Ditto. Nice scenery setting, too!


----------



## Cooder Mac (Dec 18, 2012)

Thanks Im still using airbrush to weather the cars...been told use weathering powders...Trying to keep peace with the wife here she has been pretty good with this hobby. She said you have a 325 dollar airbrush and know how to use it...save some cash and practice doing rolling stock and you'll get the look you want.


----------



## Ranger (Mar 4, 2012)

Defiantly got to keep the wife happy.


----------



## Grabbem88 (Feb 24, 2012)

No stay with airbrush... Looks better


----------



## LIRR Guy (Dec 4, 2011)

Looks great, nice job!


----------



## IlliniViking (Dec 13, 2009)

Happy Wife = Happy Life!!!

Weathering looks great.

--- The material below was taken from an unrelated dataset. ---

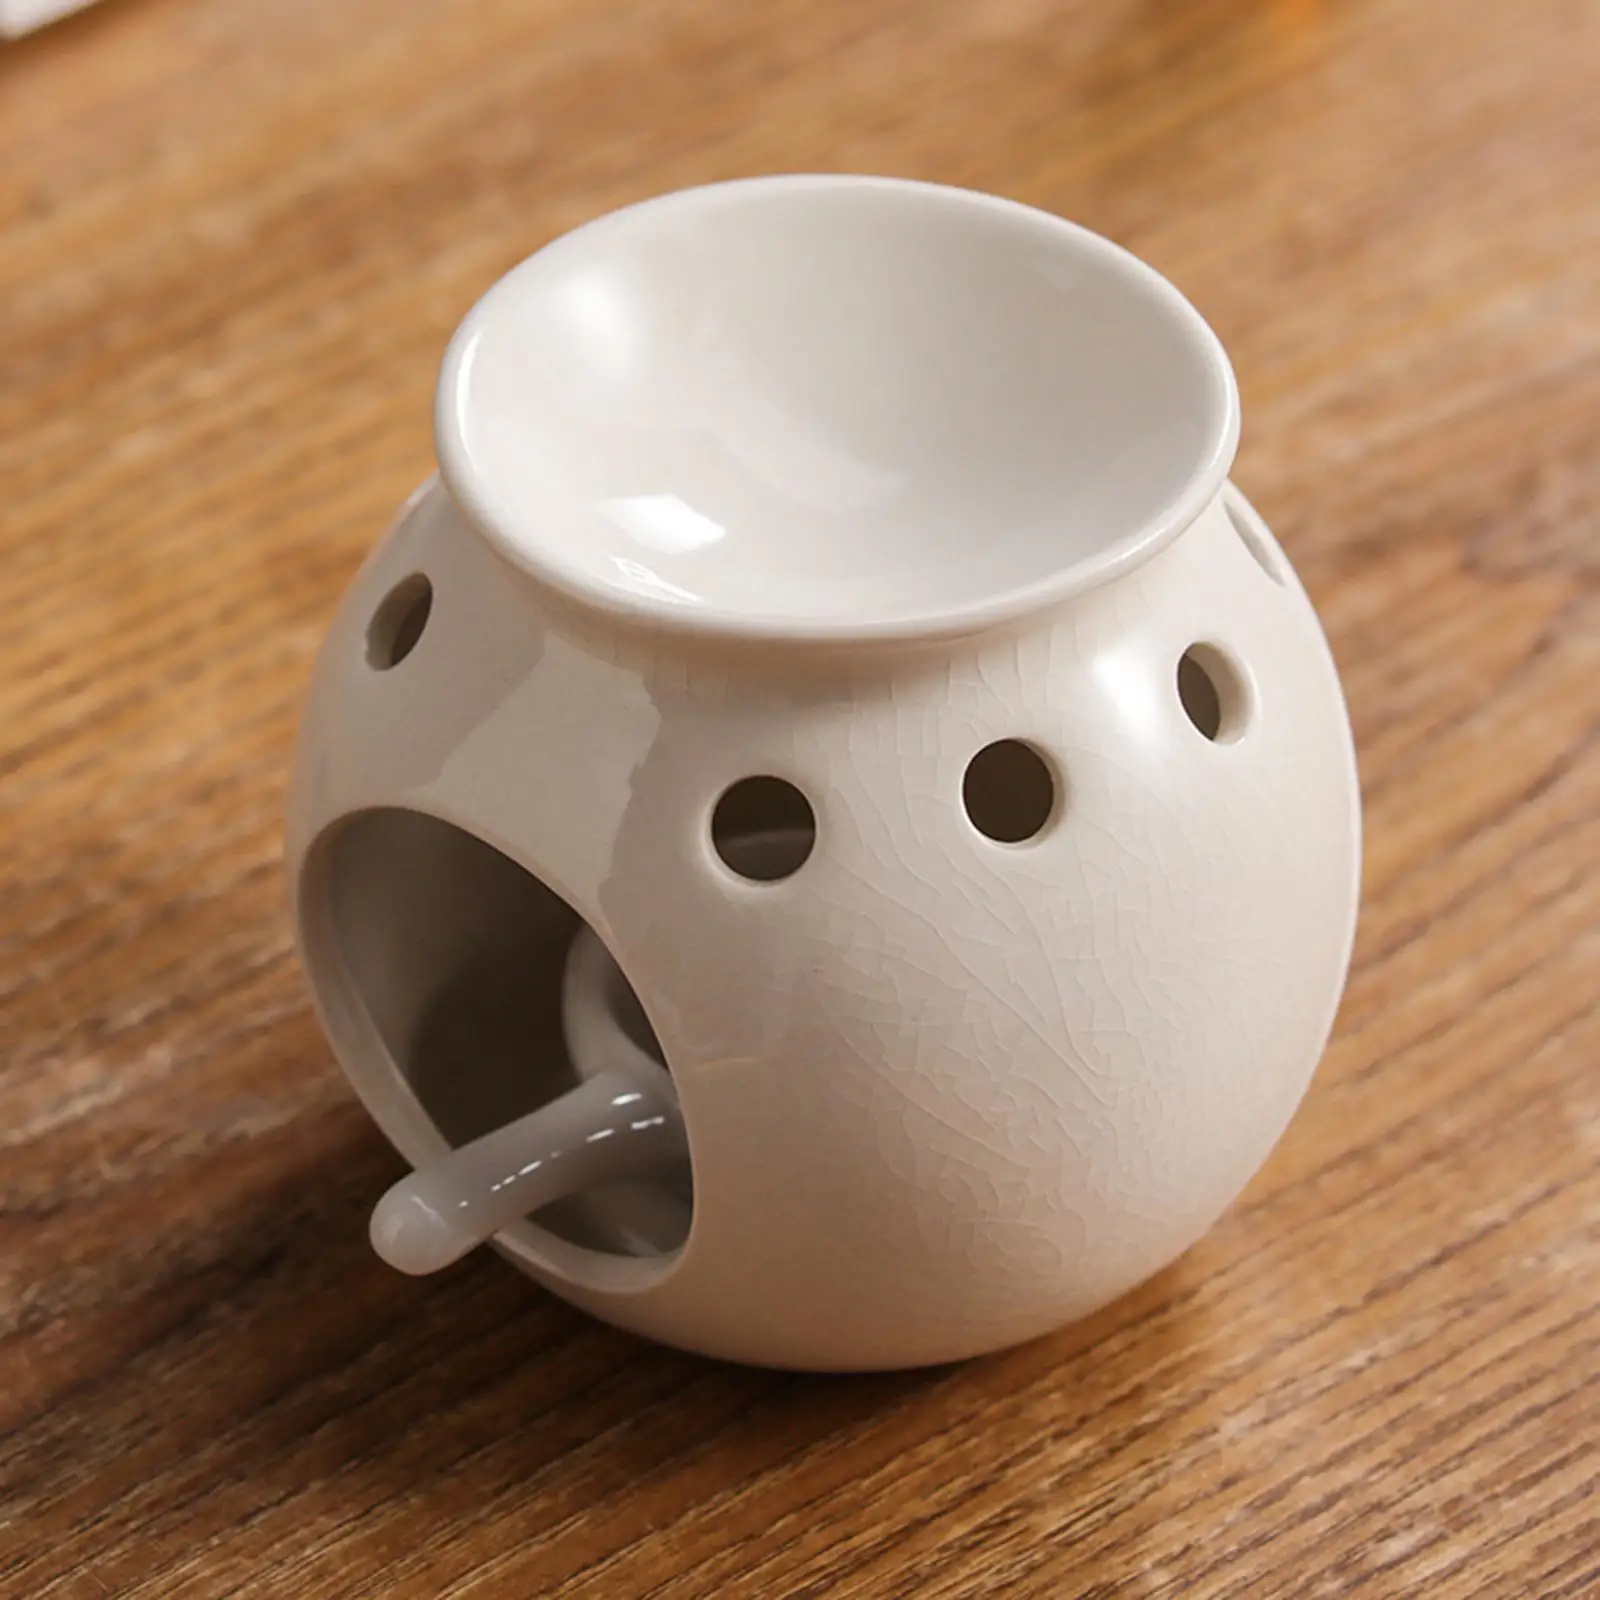 Tealight Holder Melter Wax Oil Tea Light Decor Censer Ceramic Oil Burner for Home Bedroom Yoga SPA Housewarming Gift

I have not been brave enough to weather any rolling stock yet.


----------



## CircusFreakGritz (Oct 27, 2010)

Cooder Mac said:


> took the shine off the State of Maine car added just a hint of rust and greyed the paint on the livestock car


That State of Maine car looks NICE!!!!! :thumbsup:


----------



## Carl (Feb 19, 2012)

Looking good. :thumbsup:


----------